You see the directionality? It's the difference between a damped oscillator (that eventually relaxes to an equilibrium) and an undamped one (for softer fields) or even a negatively dampled one (for things like politics - where the disagreements just keep on amplifying
That's a rather clear example. When you put it like that, it (unfortunately) rings true. I believe I came across this kind of issue (though not in a publication context) when I read about "synthesis" vs "analysis" as a kid (re: writing proofs). If I understood correctly, this was the difference between the "forward" and "backward" analyses (exactly the two ways you described). You're right that pedagogically speaking, this is a piss-poor way of doing things.
I guess I'd just hesitate to attribute it simply to trying to impress people simply because in my own field (physics), journals usually have extremely tight page limits. As an experimentalist, I frequently run up against many blind alleys (in extremely technical ways that frequently have nothing to do with the physics). That sort of detail is best left to PhD theses - a publication usually needs to be as clear as possible (I guess this is where our examples drift apart, since there would be a LOT of significant information lost in your missing items). Also, we frequently have to restrain ourselves from being too detailed since experimentalists as a bunch are more in the line of "Damn, we tried this 6 different ways (and here they are in gory detail), but only this one worked and ain't it all just so fucking cool?

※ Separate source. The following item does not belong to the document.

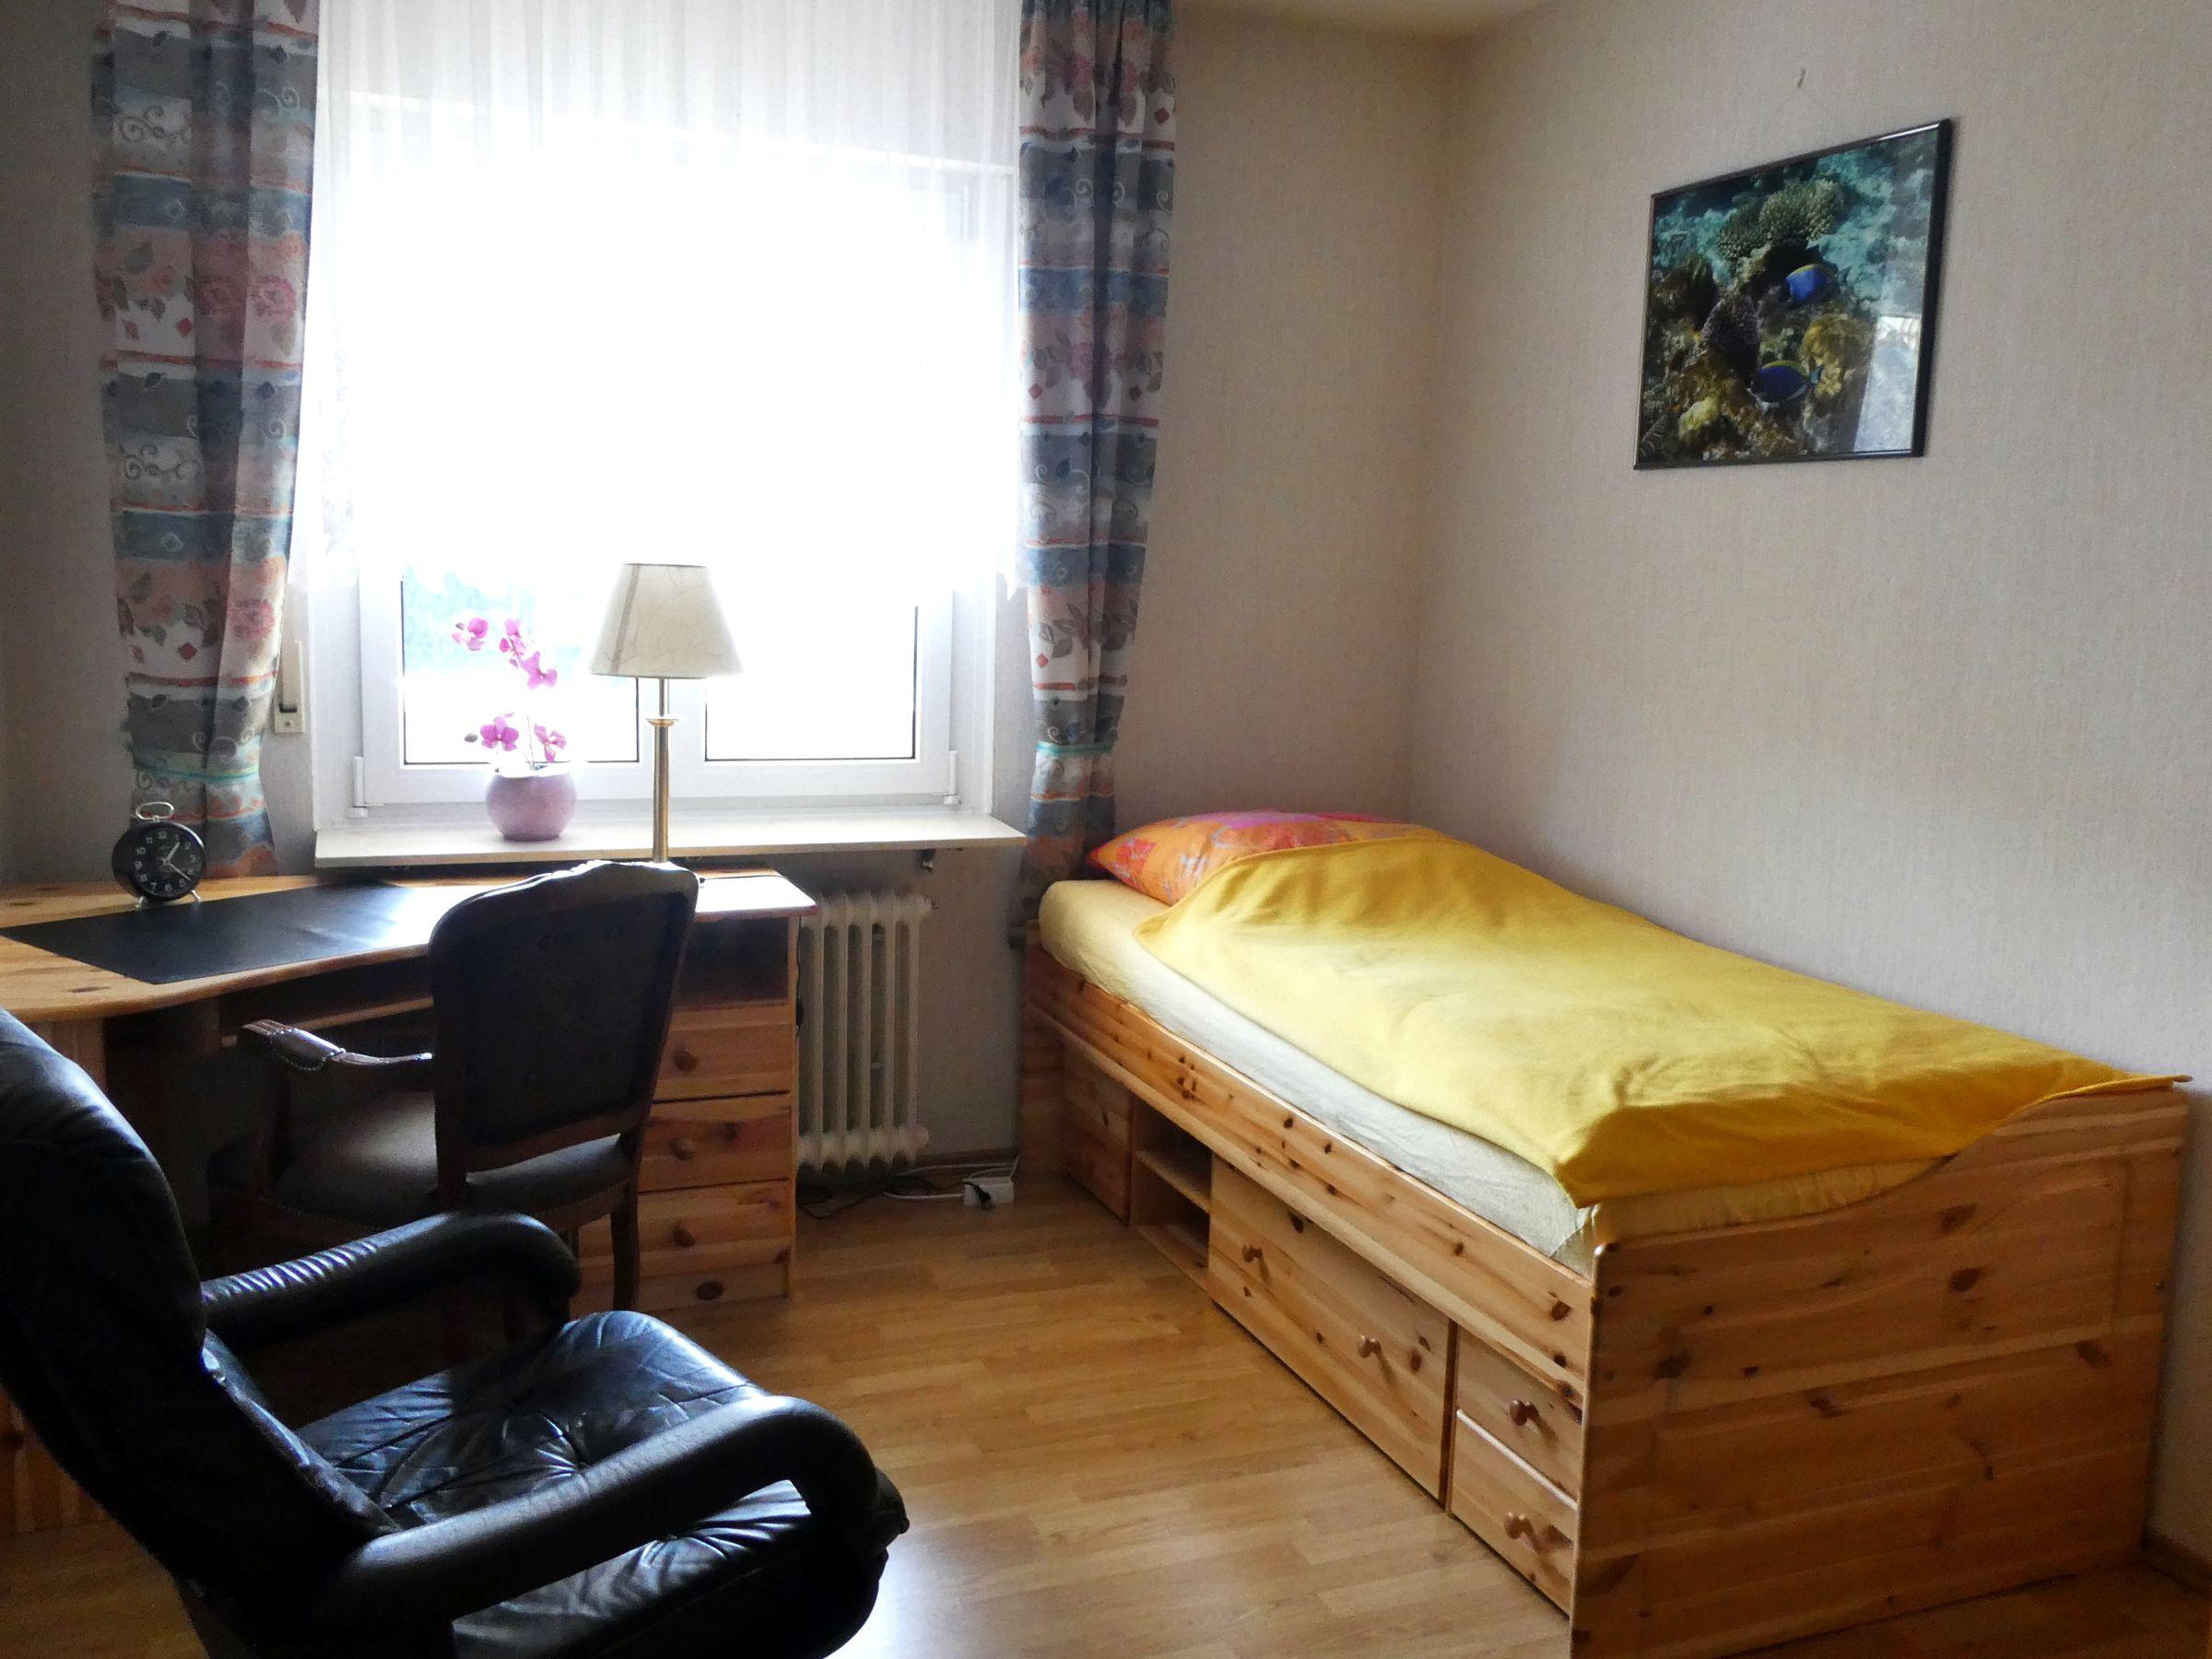 Ferienwohnung Regina, (Furtwangen). Ferienwohnung, 97qm, 2 Schlafzimmer, max. 3 Personen (2718603), Furtwangen, Schwarzwald, Baden-Württemberg, Deutschland, Bild 16

Conversely, when I run into similar papers that are cleanly presented, I assume from the get-go (as do the people in your field I suppose) that the actual process was nowhere near as clean. An honest academic (and I have yet to meet someone who isn't honest, in this context; though I have no doubt such people do exist - the Fonzis of the academic world
To summarize (sorry for rambling on so) - your point is very well taken. Thought I'd give an example from my own field with a slightly different perspective.